What to work on
The answer is to be the lines below that lie between the line holding "newborn baby pictured in white bucket" and the line holding "Conceituada matchmaker lança", inclusive, transcribed exactly and free of pictures.

Dataset records
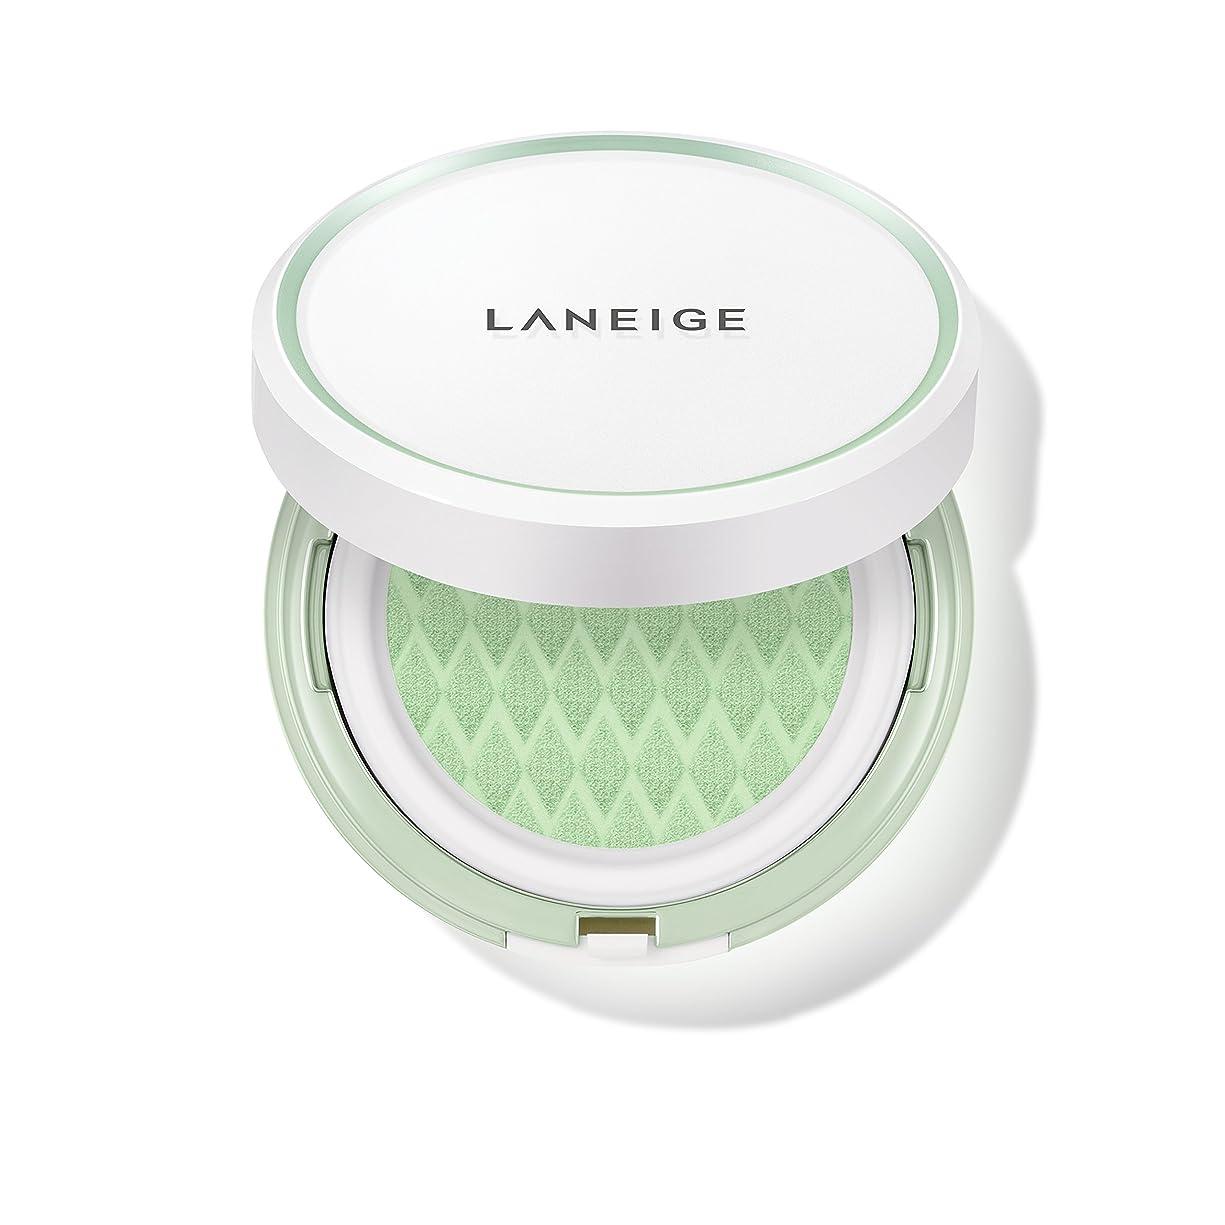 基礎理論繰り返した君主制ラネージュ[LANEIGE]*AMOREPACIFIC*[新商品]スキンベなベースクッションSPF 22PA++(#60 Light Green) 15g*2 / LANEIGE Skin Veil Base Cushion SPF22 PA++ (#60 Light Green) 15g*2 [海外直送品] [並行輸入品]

--

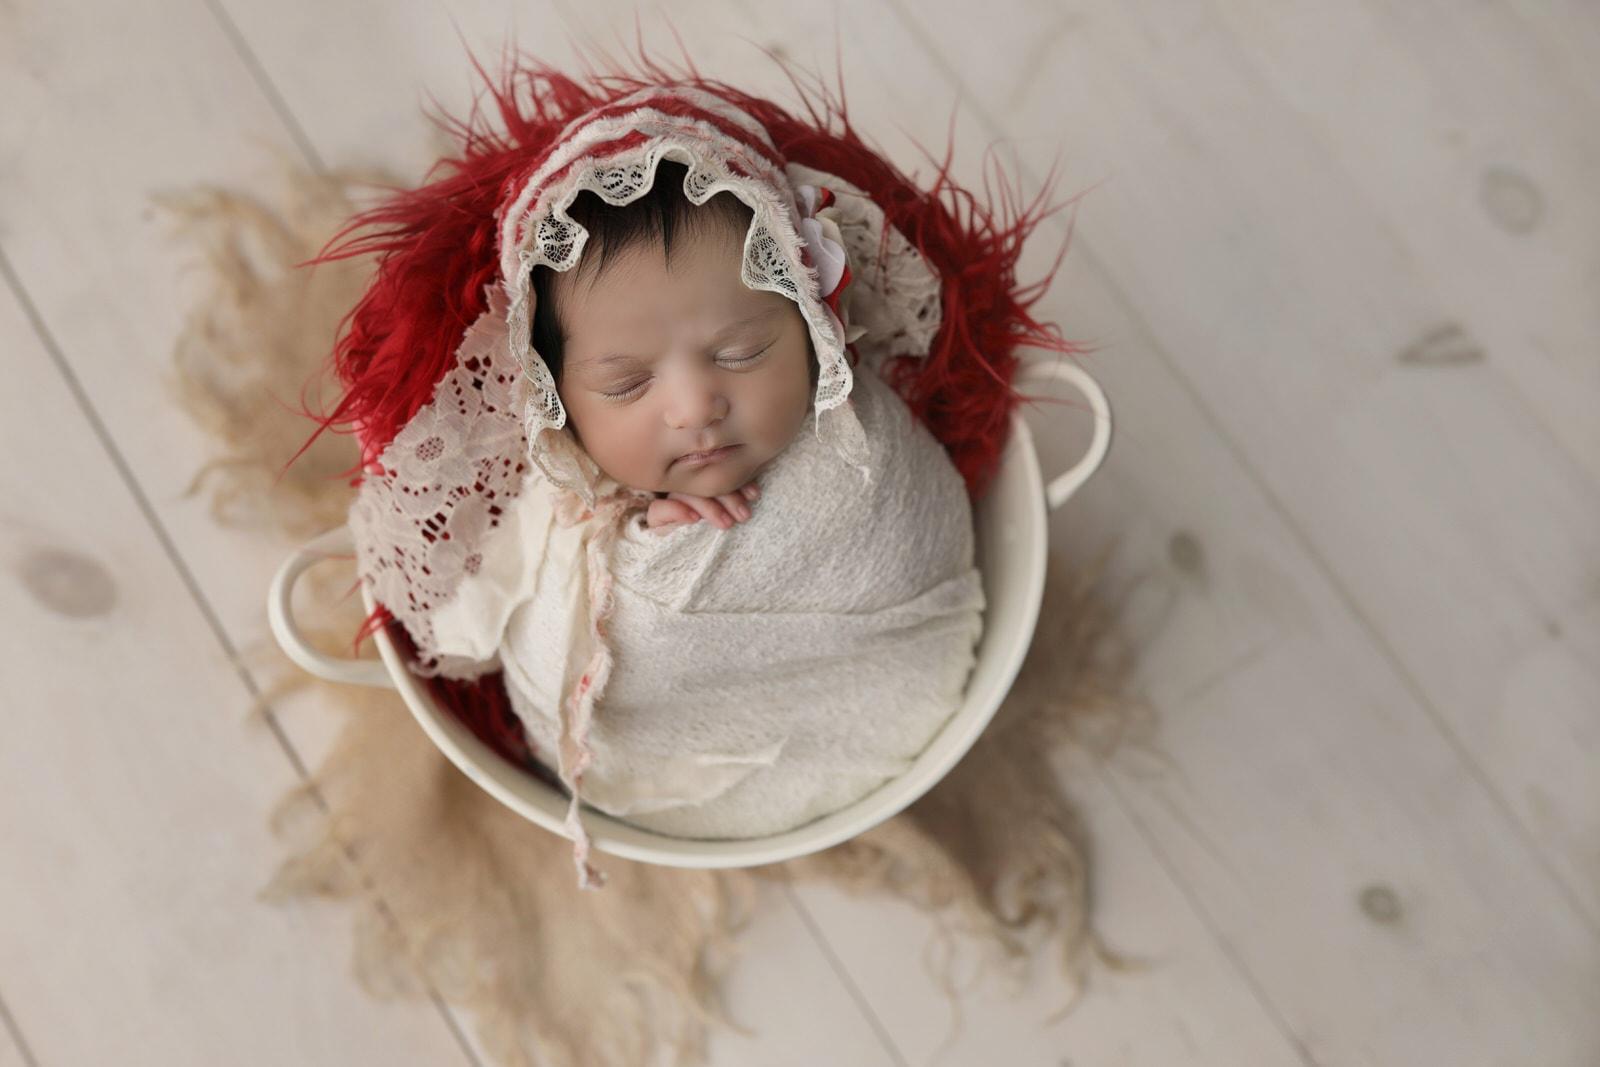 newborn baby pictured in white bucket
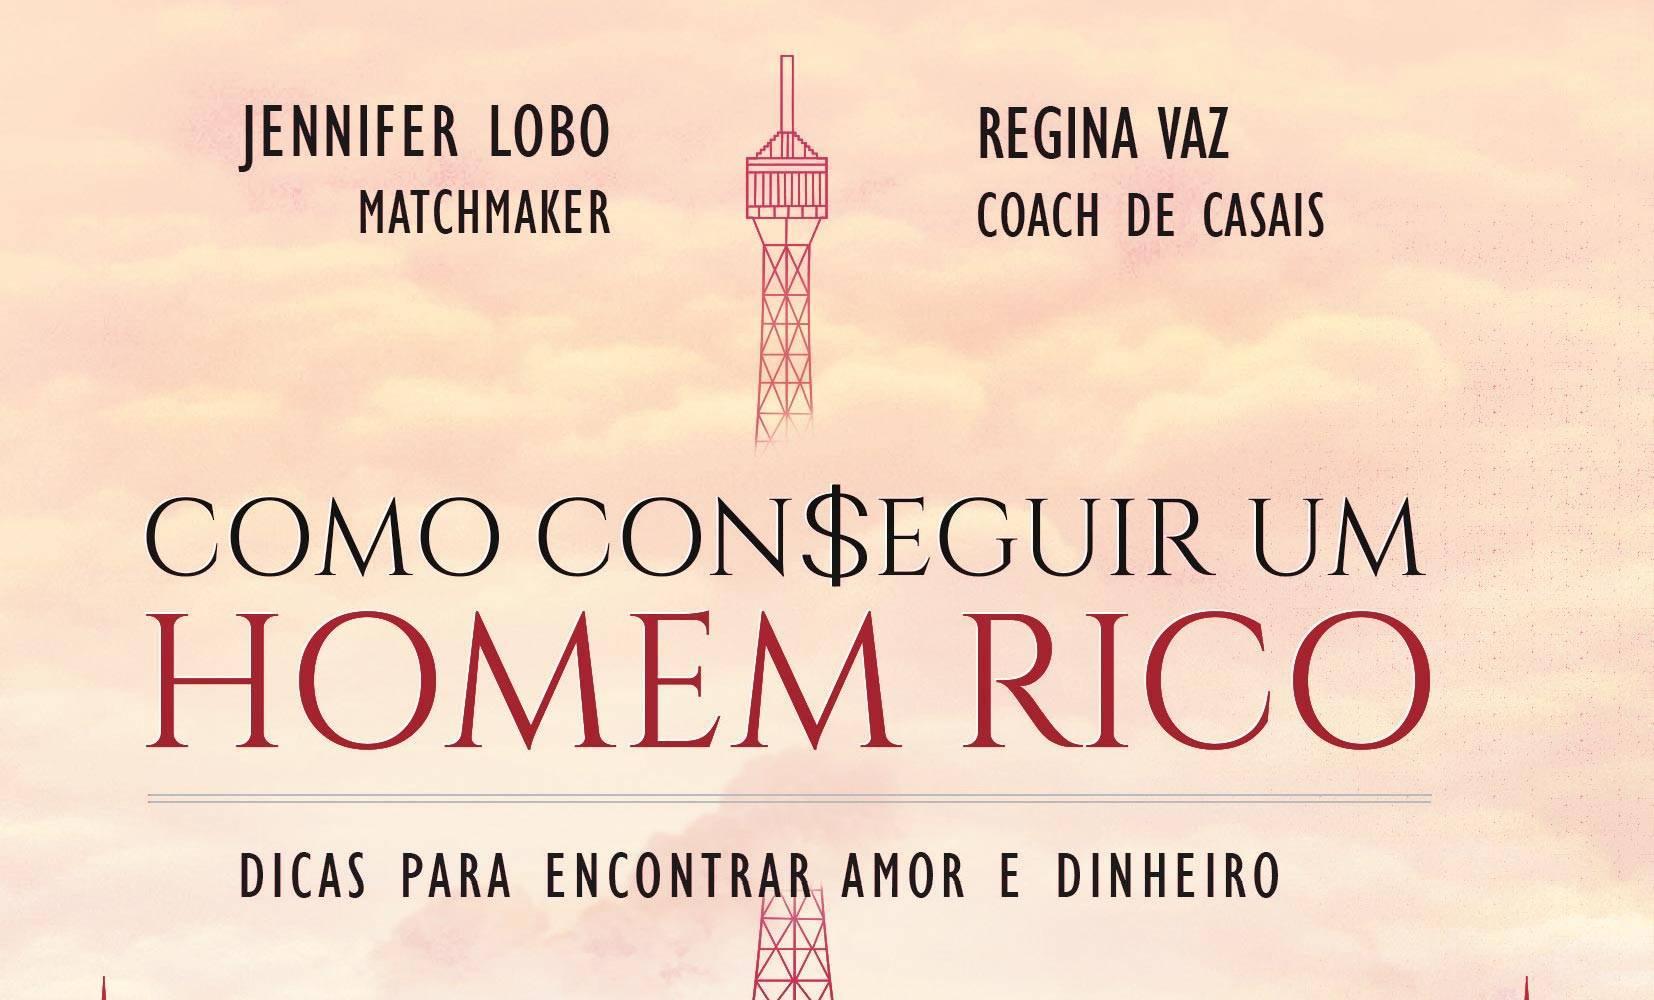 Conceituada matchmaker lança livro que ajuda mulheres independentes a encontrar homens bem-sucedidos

Answer section
 newborn baby pictured in white bucket
 Conceituada matchmaker lança livro que ajuda mulheres independentes a encontrar homens bem-sucedidos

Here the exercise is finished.